ケースは、すでに別記事でも紹介していますが、簡単にアウトラインを記しておきます。

観察

・子宮の無い女性が多くいる。子宮ガン等30〜40代で急増。

・彼女たちは差別されている

[(いわかみ2000)差別消えたわけではない。代理出産禁止は差別を助長。]

・辛い思いをしている。

[(なおみ2001)鬱病、精神的ダメージ]

・日本産婦人科学会の会告により、代理出産は禁止されている。

[(えんどう2004)自由奪われている]

プラン

1代理出産を認める

2実子として扱う

3代理出産依頼できるのは、子宮が無い、重度の不育症、等、代理出産以外の代替手段がない女性

4代理母には適切な報酬を支払う。

5実母、姉妹でも契約を結び、対価を支払う。

6その他必要な措置

論点1

A)代理出産でしか子を儲けられない女性が沢山いる。

[(なかそ2006)91%結婚したい…80%は子ども欲しい]

代理出産を熱望している。

[(おの2002)山田夫妻の話…禁止されると、生きる希望が失われる]

B)三つの選択肢

1)海外で代理出産を行う。

[(いなぐま2007)100人以上…]

海外での代理出産は危険。

[(あんどう2010)妊産婦死亡率は10万人中11人、日本国内なら6人…]

インドなどでは、さらに死亡率が高いはず…

2)ヤミ代理出産。

ヤミは問題が多い。

[(ふじかわ2002)インフォームドコンセント書面無い…アメリカのように手続きを尽くしていない…]

3)あきらめる。

子どもを持つ権利の侵害

[(おの2002)自己決定権…憲法上最大限尊重すべき。]

論点2:代理母の自己決定権

A)職業としての代理母を望む人がいる

[(でぐち2005)近代家族像を受け入れつつも、公的領域でも活躍したい…]

B)現状では引き受けられない

[(いけがみ2003)アメリカでは一肌脱ごうという人が多いが、日本のように制度で取り締まると、そうした精神も生まれない]

論点3:子の福祉

[(かとう2005)契約取り消しなど、法制度の不備による孤児問題など…]

論点4:解決性

A)子宮無い人が解放される。

[(なおみ2001)「産めない」と「産まない」は大きく違う…]

B)代理母を引き受ける女性はいる。

[(くじ2005)いることも確か…]

C)海外で代理出産を行う必要が無くなる。

D)今まで子を儲けることをあきらめていた人が子を儲けることができる。

E)職業としての代理母を自己決定する権利が与えられる。

F)ヤミ代理出産が無くなる

[(やまもと2001)ガイドラインなど…安全確保、フォローアップ体制…]

G)国の不当介入防ぐ

[(のざき2008)技術があるなら、国は介入すべきではない…]

6分間で、エビデンス16枚!ということで、我ながら(というか、最終的にやったのはMさんですが…)良く議論を詰め込んだと思います。とはいうものの、改めて見るとやはりこれは詰め込みすぎで、実際のケースを見てもらえれば、「これでジャッジは理解できるの?」というような簡略化、省略がとても多く、相当知識のあるジャッジがターゲットになってしまっています。
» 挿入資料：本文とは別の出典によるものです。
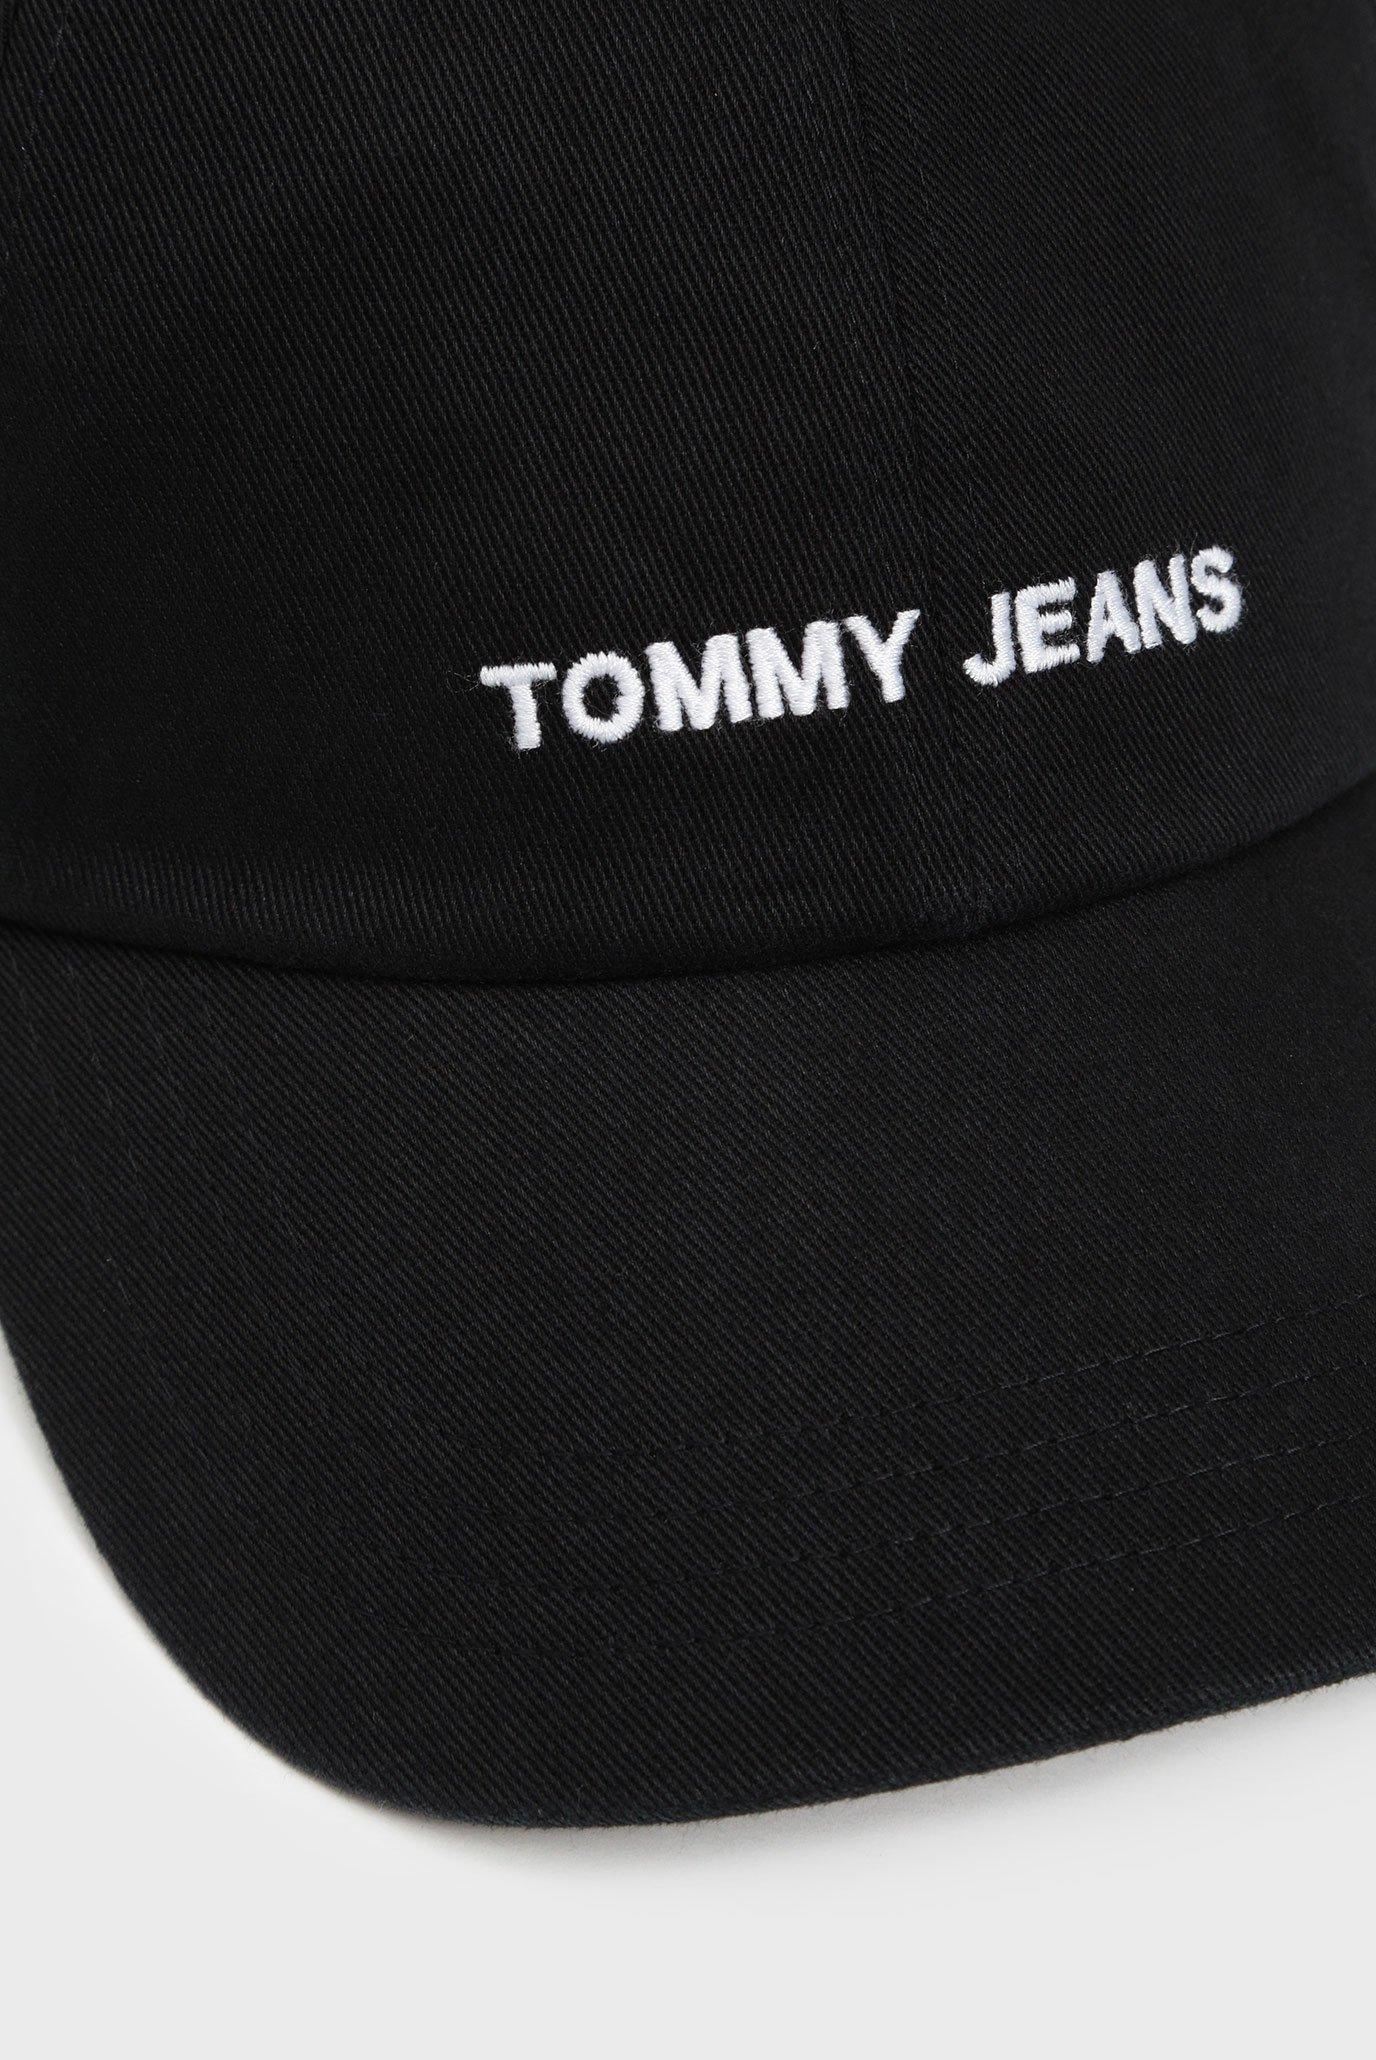 Мужская черная кепка TJM SPORT Tommy Jeans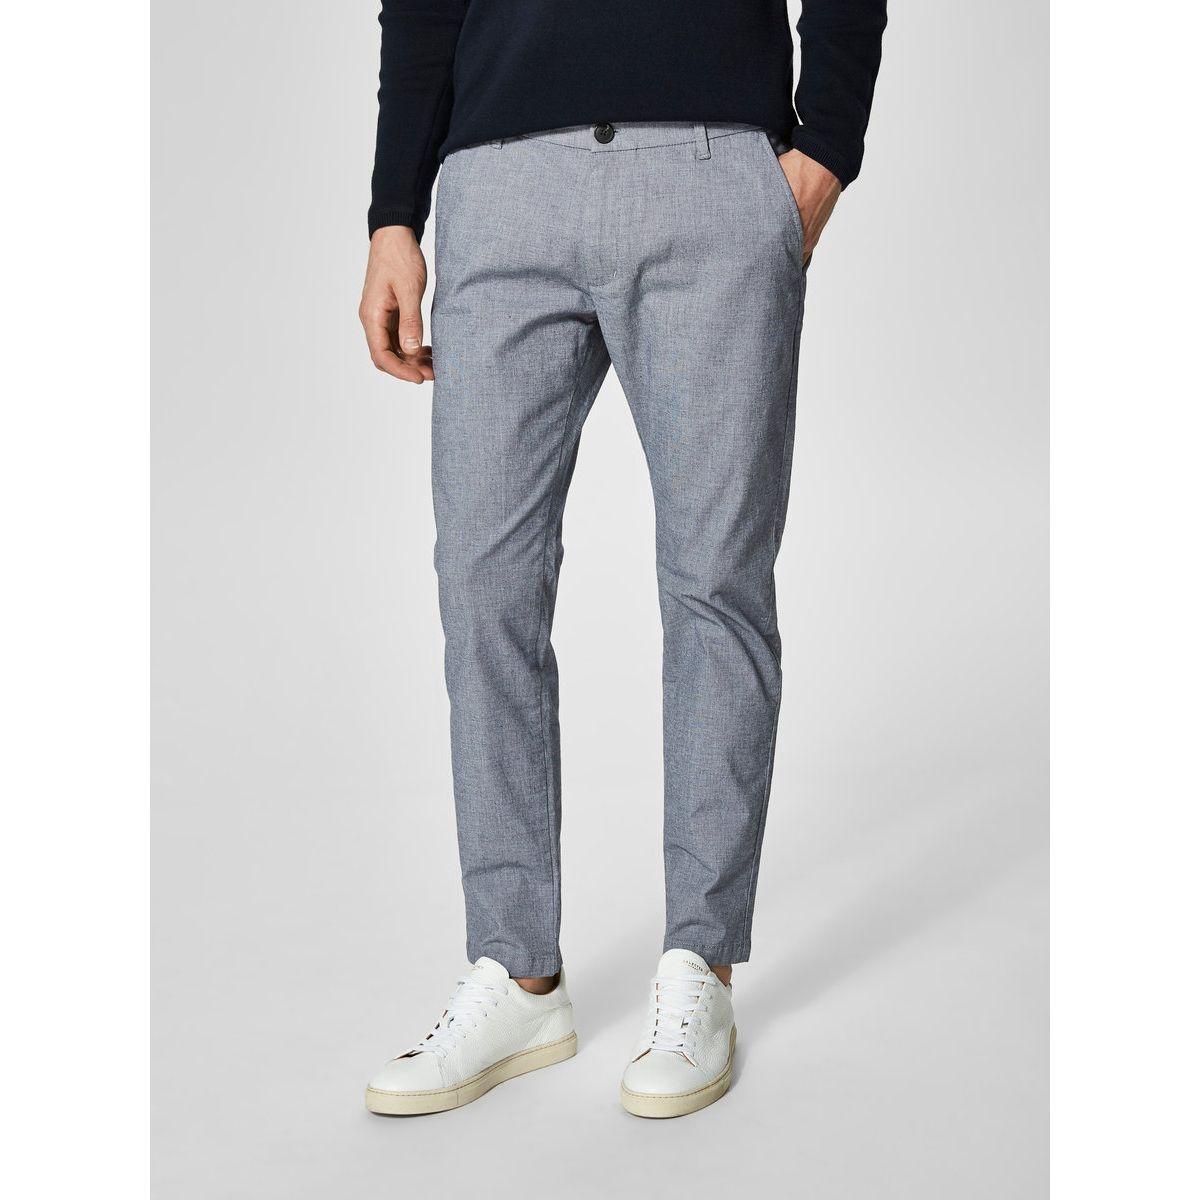 Pantalon Slim fit -

この論題は2005年にも一度採用されているので、そのときの知識があるジャッジが多いだろう、ということはある程度計算していました。とはいうものの、エビデンスのポイントを若干落としそうなケースではあります。もう少し観察や論点1あたりを絞っても良かったかも知れません。

このケースの(おそらく)特徴的なところは、職業的代理母を全面的に認め、むしろ積極的に金銭の授受を行うよう促しているところだと思います。これは、最初の打ち合わせの時からパートナーのMさんとあれこれ話をして、私の中では結構な時間をかけて練ったもので、当初「職業的代理母」というものに対してものすごく違和感を持っていたのですが、いろいろ他の職業との比較などをしてみると、意外と致命的な差を見つけることができない、ということに気づき、入れることにしました。この話を入れるに当たって、色々な職業契約を頭の中で考え(その過程で、決勝でも出てくる「マグロ漁船」の話なども出てきました)、代理出産契約と本質的な違いがあるか、ということを検証していったのですが、私個人の結論としては、やはり個人の思い入れ、ということに尽きそうな気がしています。

資料としては「妊娠は24時間ずっと自分の身体と向き合わなければならない」といった話は出てきますが、それとて、他にもそれに相当する職業契約は想定可能ですし、「生まれてくる子供は産まれ方を選択できない」という話であれば、通常の妊娠・出産も全く一緒(どのような家庭に生まれるか、など子どもが選択できるわけではないので)です。そうした議論は、結局のところ「代理出産=悪」という前提から出発していて、まさにトートロジーです。

それでもなお、私個人としては、代理出産に対する直感的嫌悪感を払拭することができたわけではありません。この理由については、後でまた考えてみたいと思います(まだ結論は出ていません)。

さて、1ACの後の質疑は、以下のようになりました。

Q:論点4の、AからGまでのラベルの確認をしたい。

A:[AからGまでの説明]

Q:プランについても確認したい。

A:[プランの説明]

Q:3について、「不妊」の場合はどうなるか?

A:不妊といっても、原因はいろいろある。例えば、卵管が詰まっているといったものは、卵管をつなげる手術をすれば良いので、含まれない。

Q:何年か不妊治療をしても、子ができなかった場合は?

A:そういうことではなく、子宮全摘とか、子宮がない、とか、習慣流産する、といった人だけ。

A:5について、契約を行う、ということは、契約を守らせるように、国が強制する、ということか?

A:近親者であろうと、契約して、報酬を払うことに変わりはない、ということ。

Q:論点2の2番目を確認したい。

A:現状で、代理母を引き受けたいと思っても、法律や制度の取り締まりがあってできない、ということ。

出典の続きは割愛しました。